The process of leaving was also along the same lines. You only left when the chief had finished with you.

There were a couple of times that Bony bypassed the procedure, but that was only because he wanted to look like he was the one who was holding the whip hand. Each time this etiquette was not strictly adhered to, Upfield was careful to explain why Bony was doing it this way.

If you ask me, all this sounds pretty civilised to me. You don’t just walk into a building, walk straight into the managing director’s office, sit down, light up and smoke and start talking to him about why you’ve come. It seems that they had all these procedures down pat eons before we decided that it was only a matter of common courtesy.

Little things as seemingly simple as this were things that Upfield detailed quite carefully, and here you must realise that he started doing this right from his very early novels dating back to the late 1920’s and early 30’s.

So, contrary to the perception that these people were basically savages, it would seem that they were in fact quite a civilised and moral people, something we never even considered.

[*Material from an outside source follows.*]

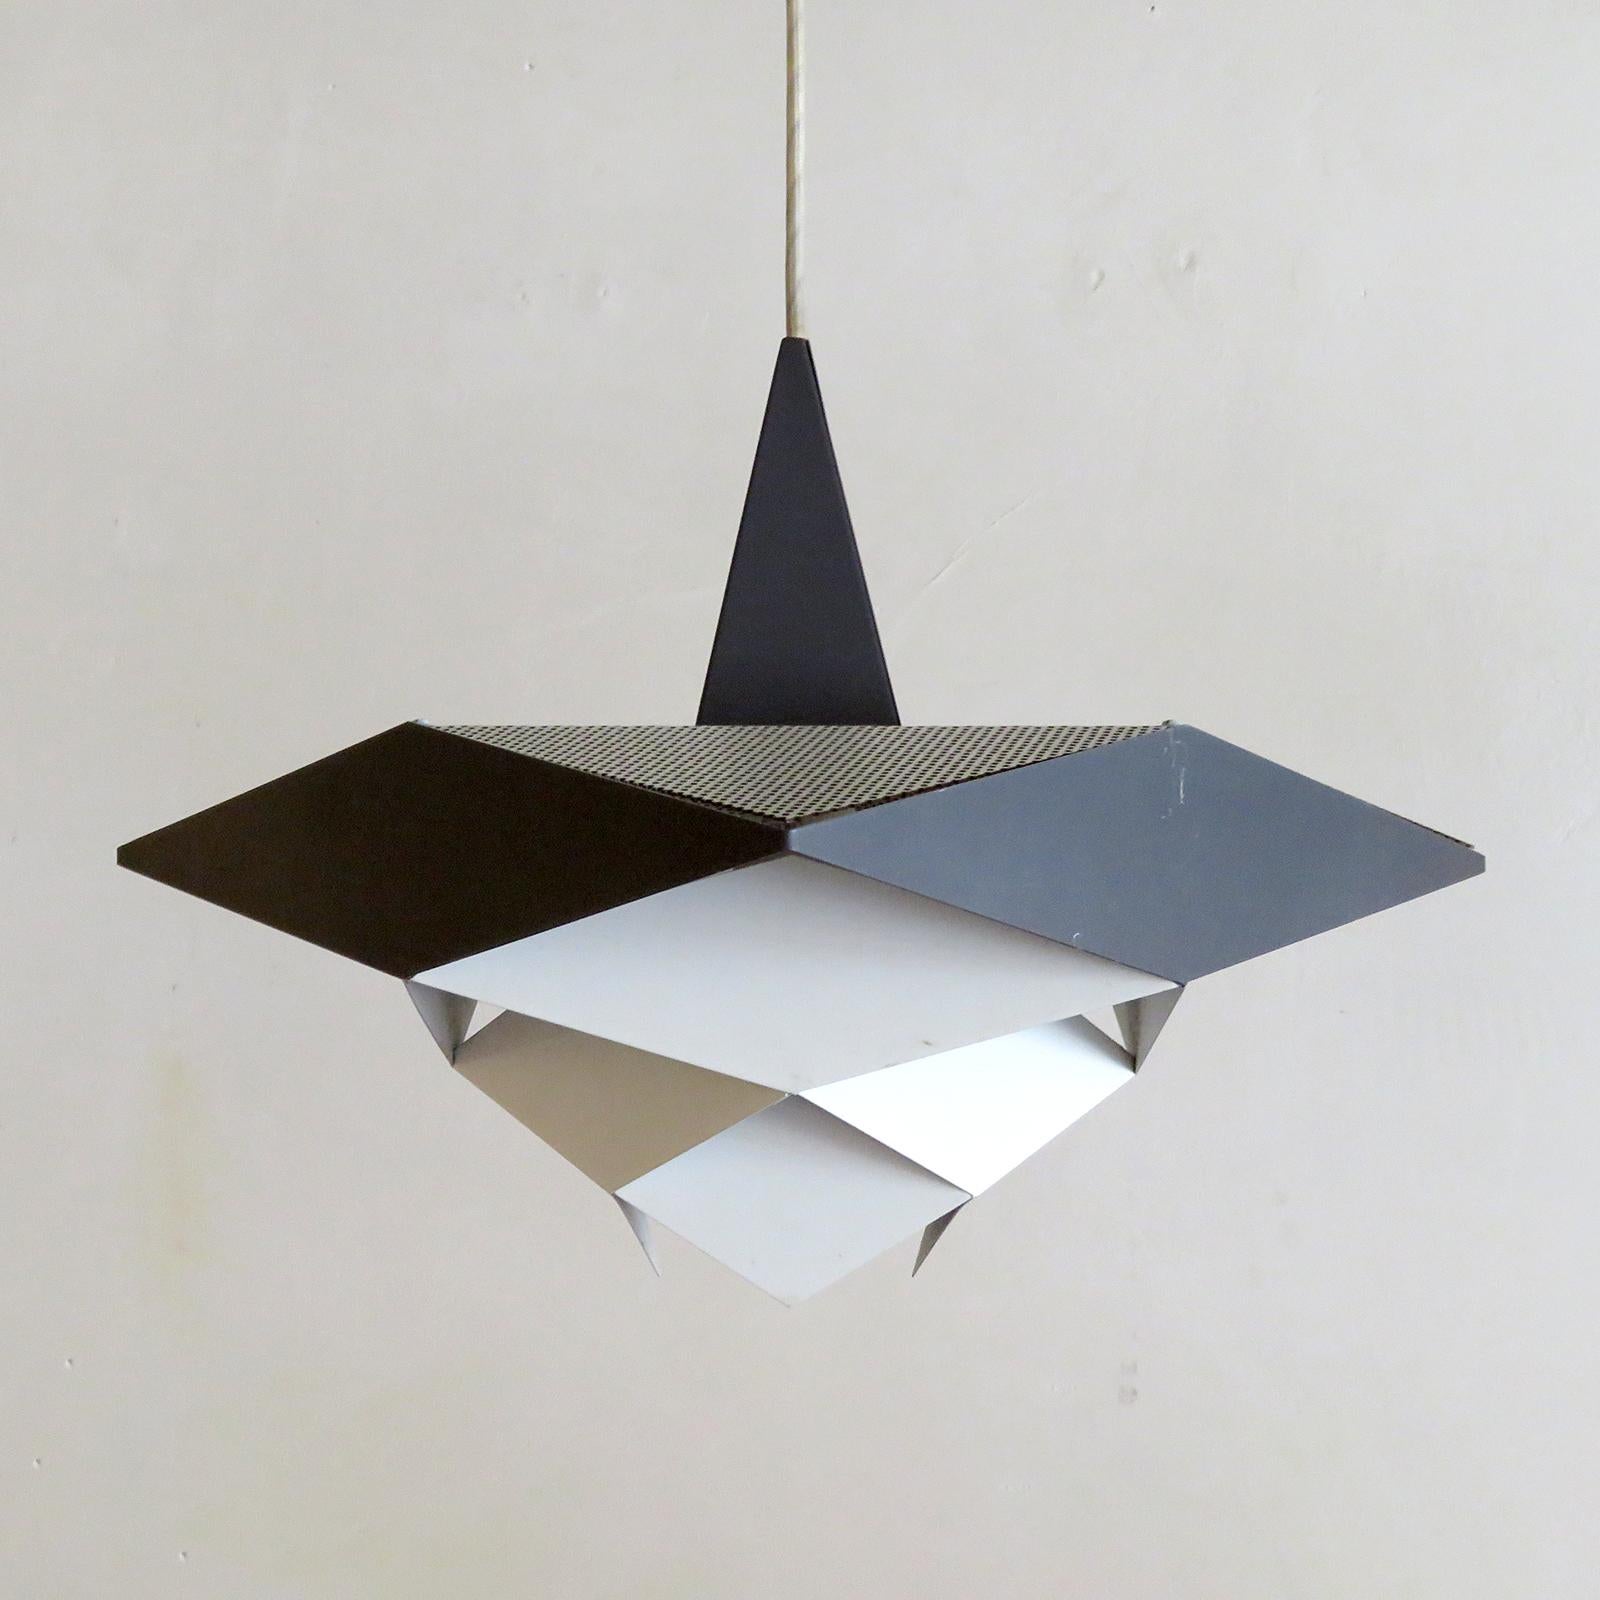 Wonderful geometric pendant light by Preben Dahl for Hans Følsgaard, 1960, made of interlocking, enameled metal rhomboid shapes in square two tone colored bands. Overall drop can be customized, wired for US standards, one E27 socket, max. wattage

Also what needs to be considered here is that Upfield, a white man, was someone who not only found all this out, and found it out without any outside help, but that he then wrote it into, as part of his novels at that time, when thinking like this was not even something people even considered.

It would seem from this, that far contrary to the opinion that Upfield reinforced old stereotypes about the aborigines, he was, in fact, years, and even many many decades ahead of his time, as even now, some of these things are not even considered, and in fact, have almost disappeared completely.